まず、動物病院がブログを運用することで得られる具体的なメリットを整理します。「なぜブログを書くのか」という目的意識が明確になることで、継続のモチベーションが高まります。
① 検索からの新規患者流入が増える
ブログ記事を増やすことで、ホームページがGoogleに評価されるキーワードの数が増えます。

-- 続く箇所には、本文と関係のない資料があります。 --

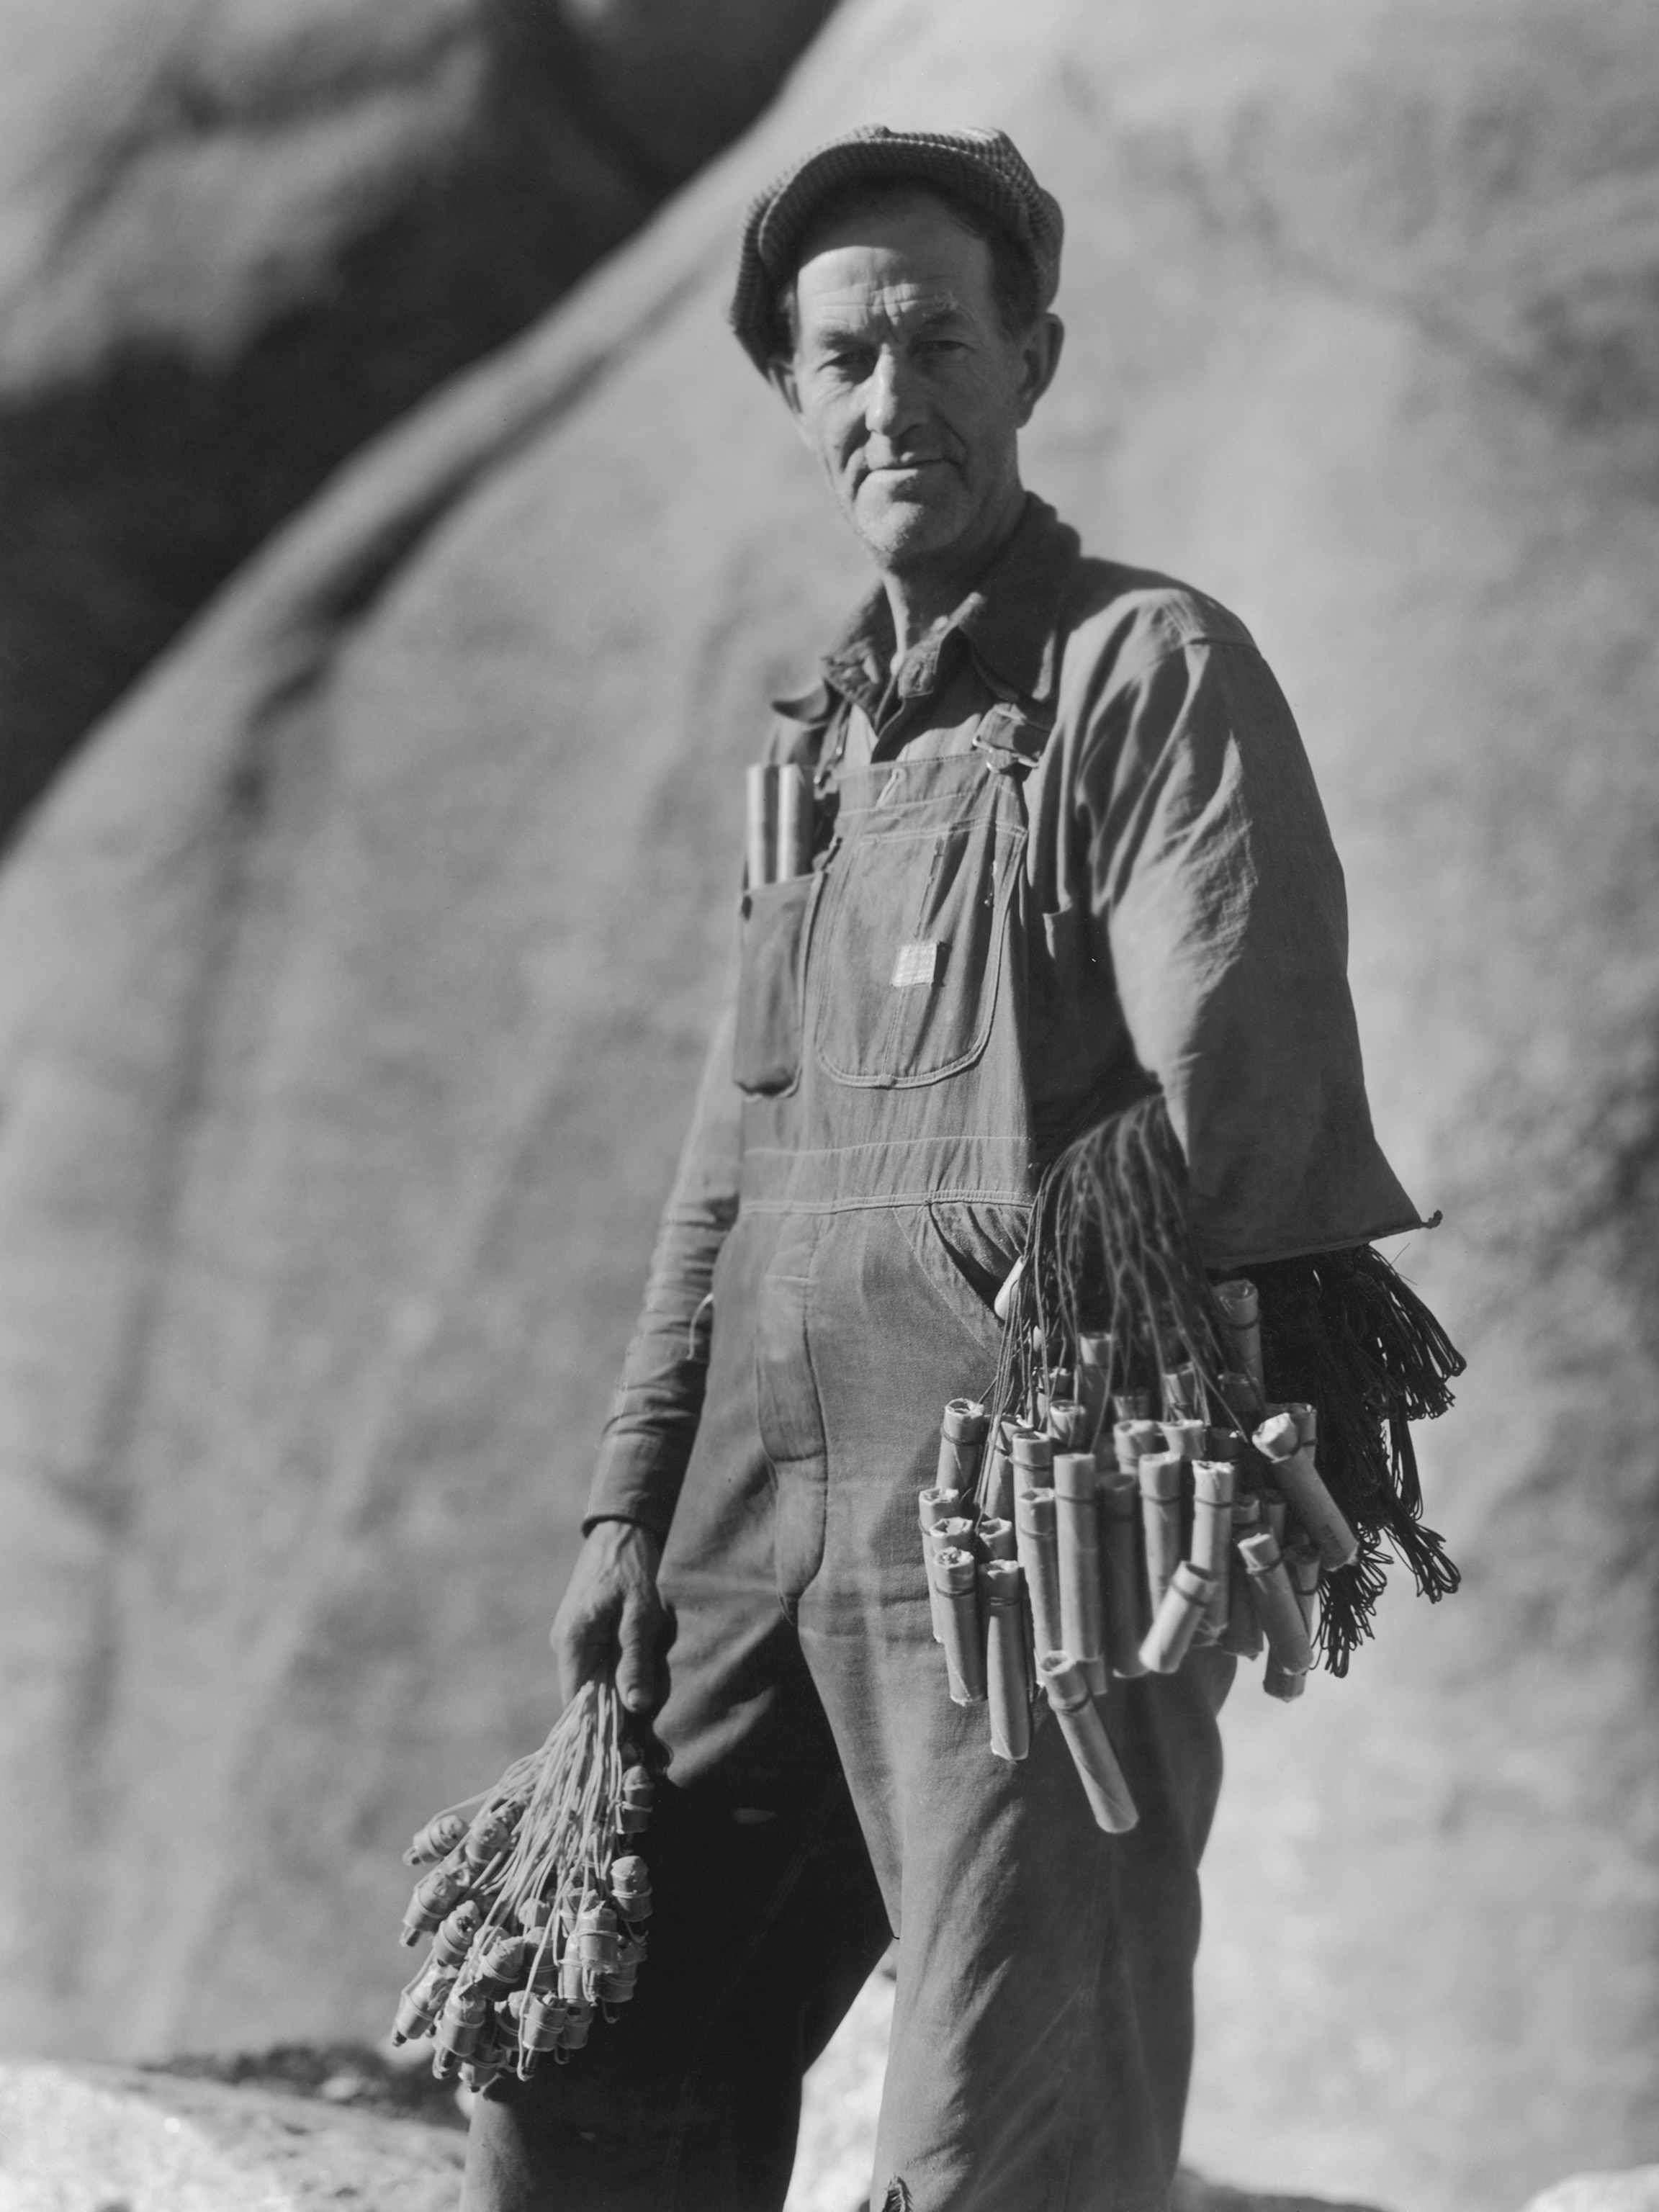 a person working on Mount Rushmore holding dynamite and detonators

「犬 皮膚が赤い 原因」「猫 食欲不振 考えられること」「フィラリア予防 いつから」など、飼い主さんが悩みを検索するキーワードに対応したブログ記事があることで、これまでホームページに来ていなかった飼い主さんが訪れるようになります。
ホームページの固定ページ(トップ・診療案内・アクセス)だけでは対応できる検索キーワードに限りがあります。ブログは「検索の入口を増やす」最も効果的な手段です。
② 病院の専門性・信頼性が高まる
診療に関連した専門的な情報を継続的に発信することで、「この病院の先生は詳しい・信頼できる」という印象が飼い主さんに蓄積されます。「先生のブログを読んで、この病院なら安心して任せられると思って来ました」という来院理由は、ブログを継続している病院でよく聞かれる声です。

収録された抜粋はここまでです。